» **Instructions for the task**: After finding "Configuring the Metamask Extension" in a line below, print that line and the rest of the lines exactly, leaving out all pictures.

» **Information shown**:

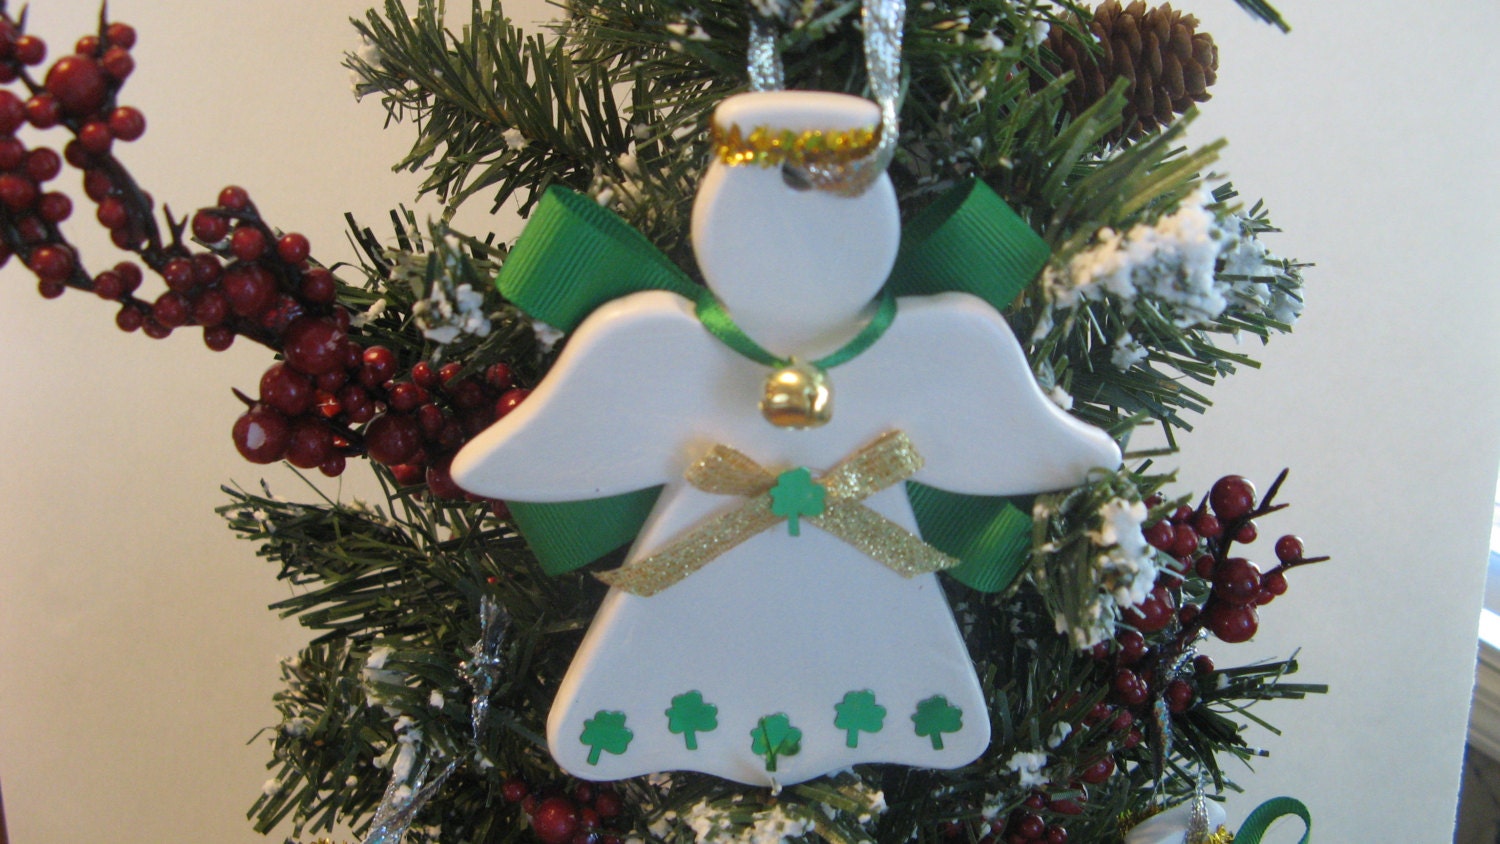 Irish angel ceramic hand painted and embellished ornament for tree, wreath or package trim. PERSONALIZED FREE!
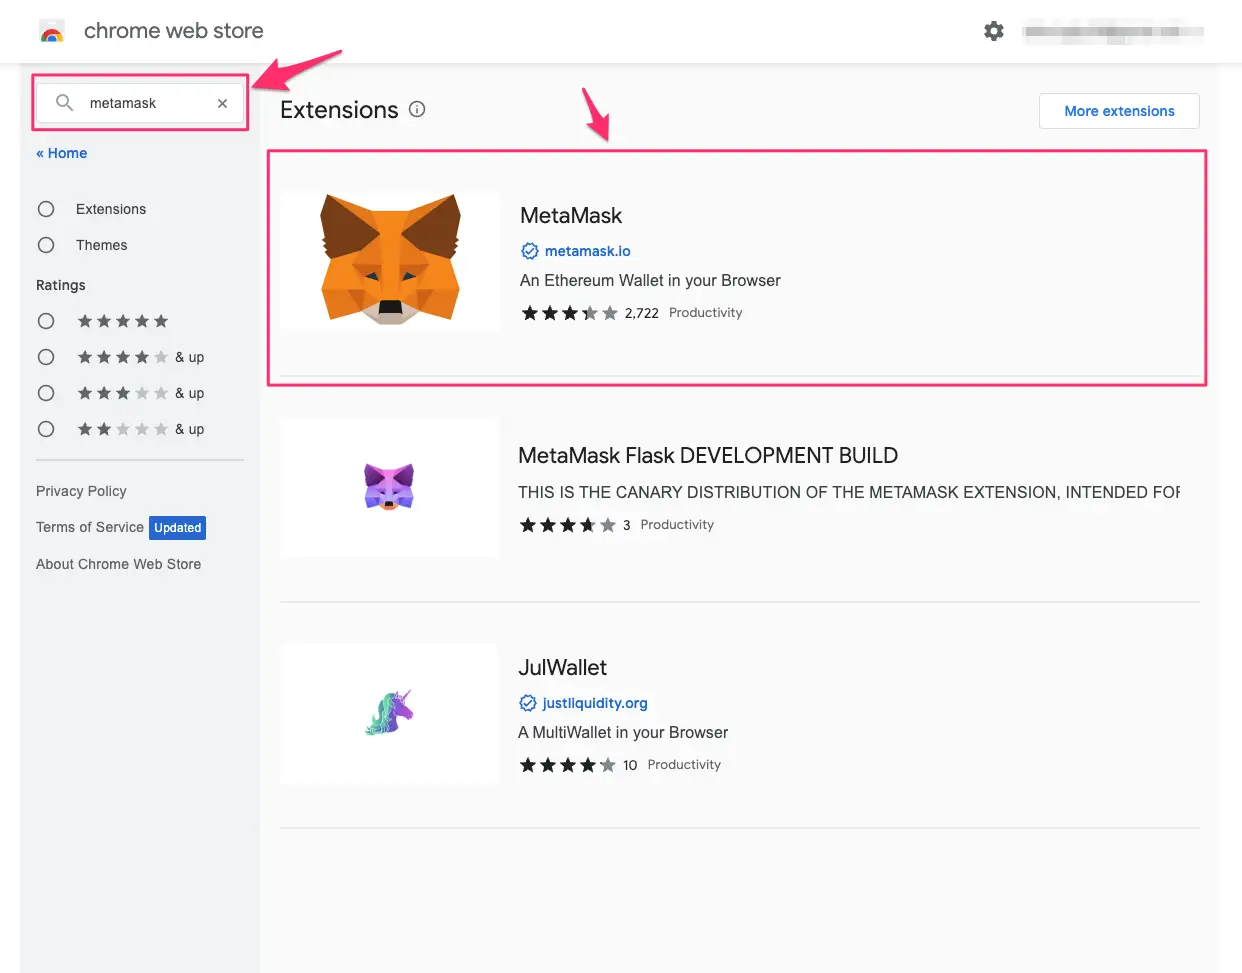 Configuring the Metamask Extension
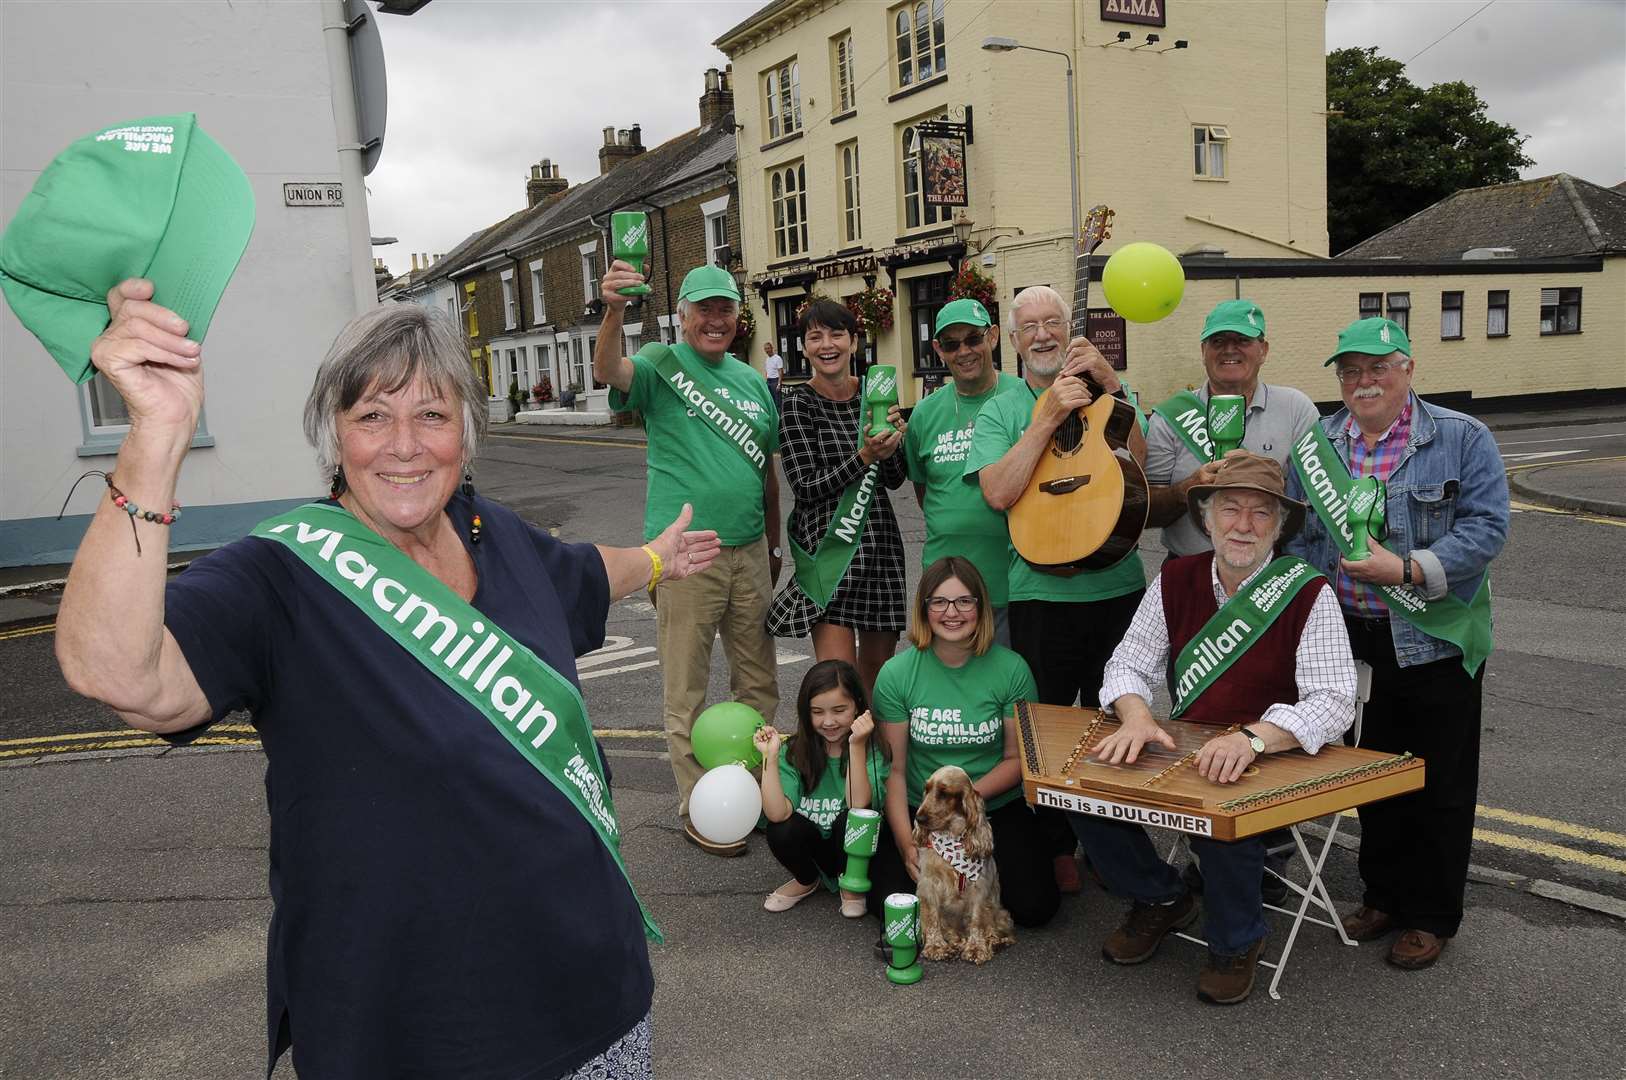 A Macmillan Coffee Morning will be held by Georgina Bishop and her helpers at the Alma Public House, West Street, Deal

» **Your response**:
 Configuring the Metamask Extension
 A Macmillan Coffee Morning will be held by Georgina Bishop and her helpers at the Alma Public House, West Street, Deal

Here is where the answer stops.